**Source material**
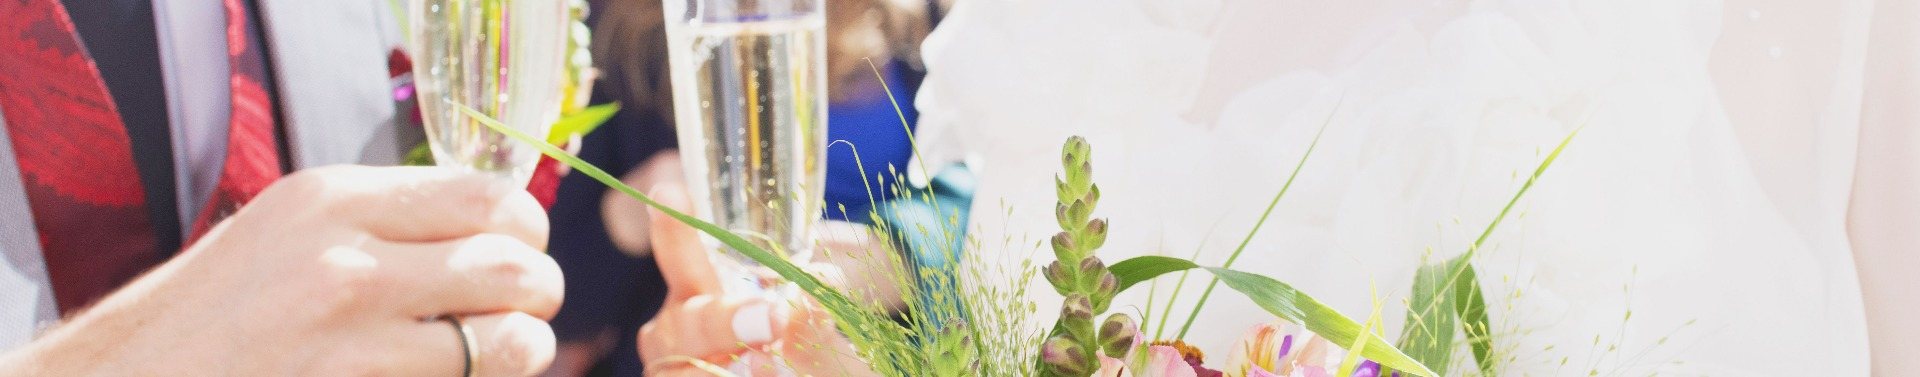 weddingadvice-bgd_1
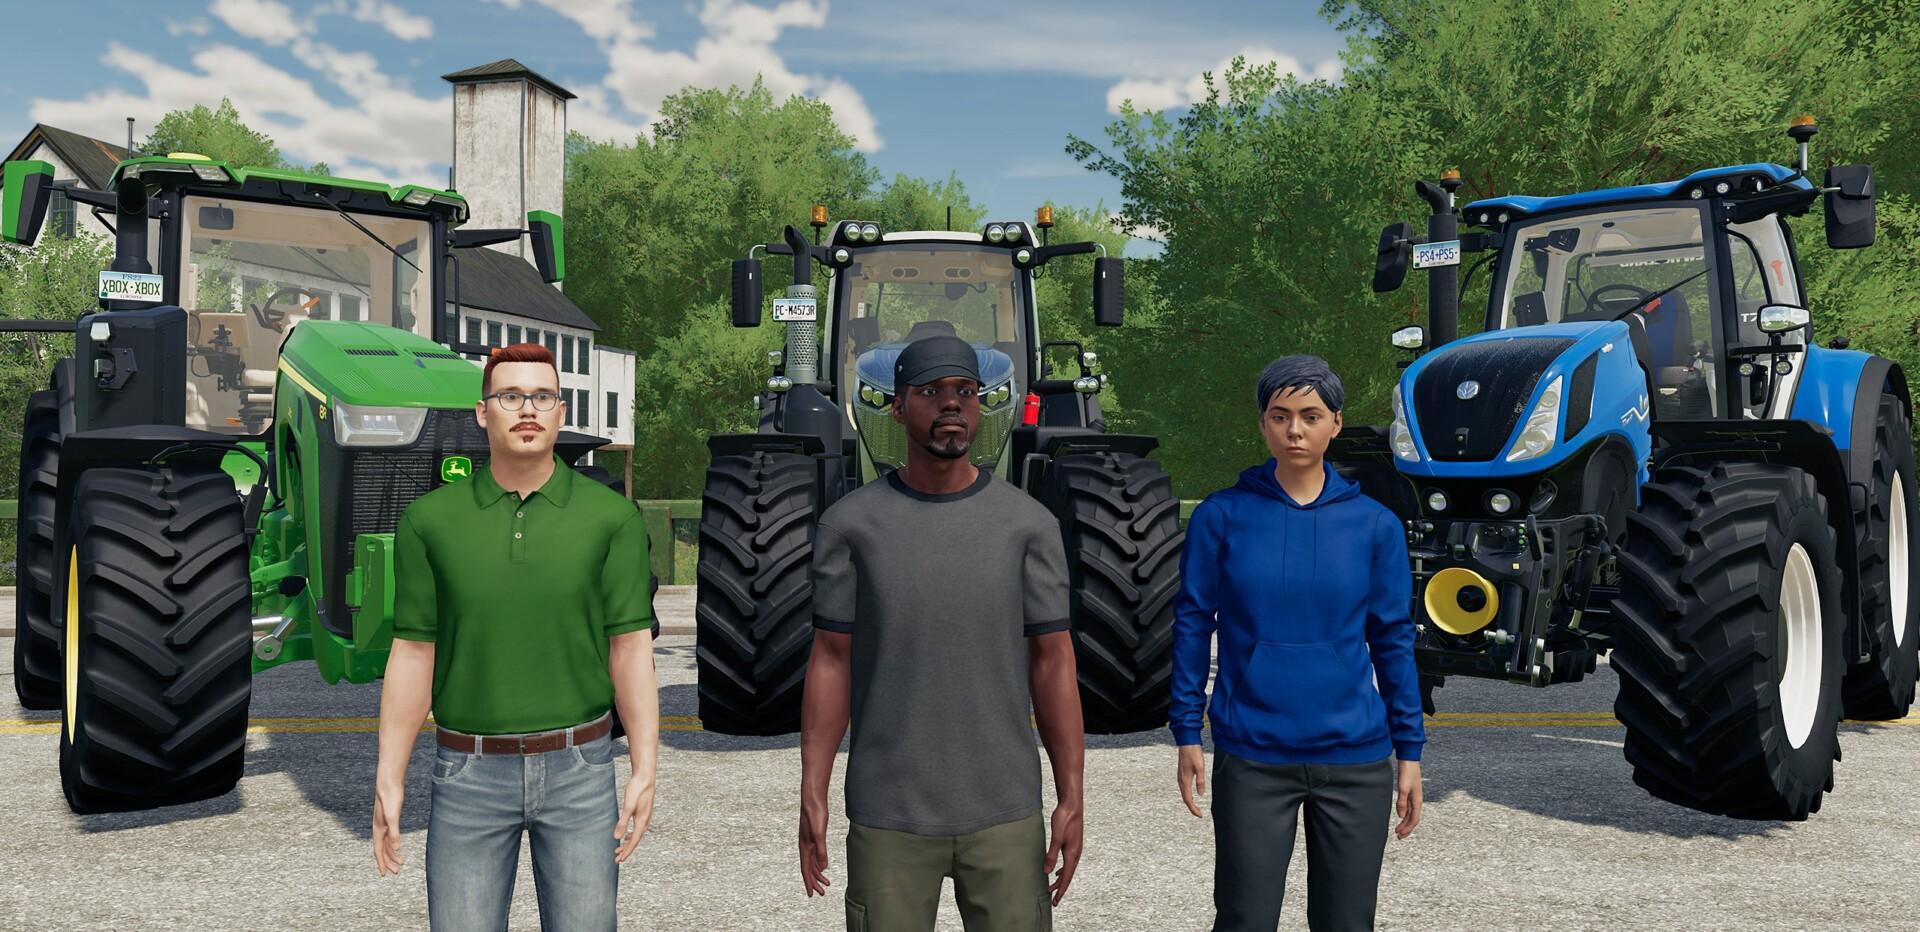 farming-simulator-22-will-get-cross-play-support
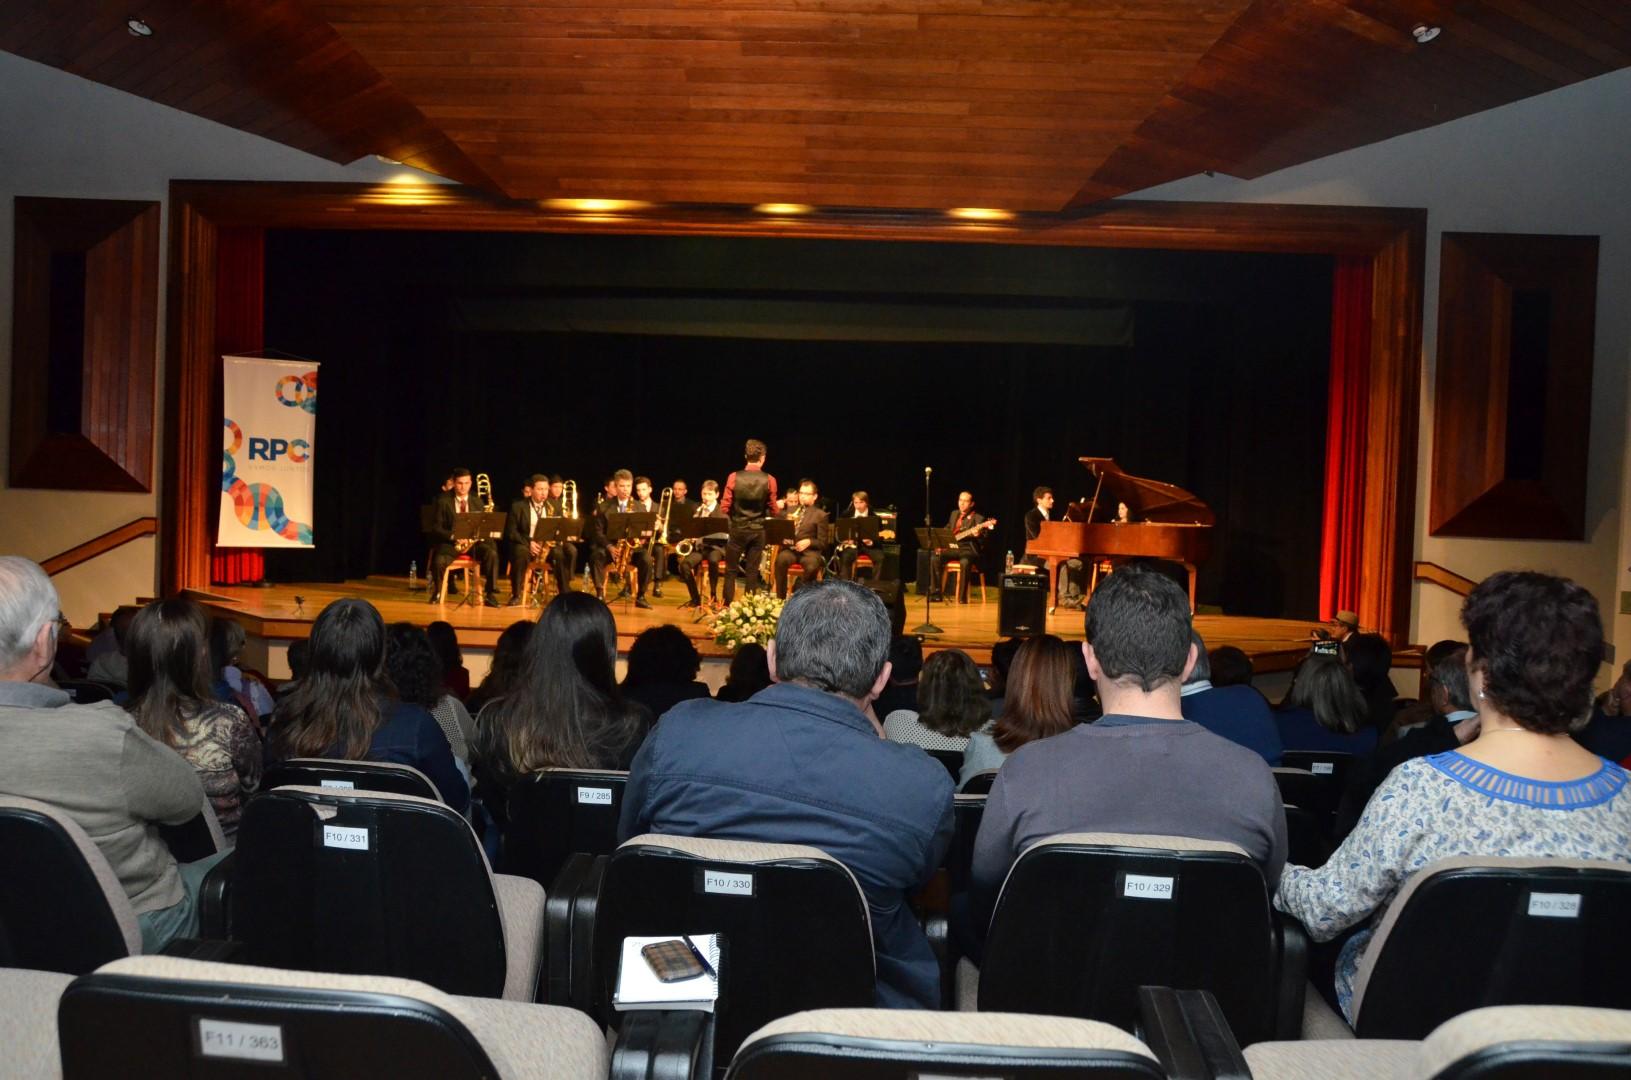 Big Band Belas Artes - 19.07.15Big Band Belas Artes - 19.07.15

**Exercise goal**
Return the data exactly. Pictures stay out.

**Response below**
 weddingadvice-bgd_1
 farming-simulator-22-will-get-cross-play-support
 Big Band Belas Artes - 19.07.15Big Band Belas Artes - 19.07.15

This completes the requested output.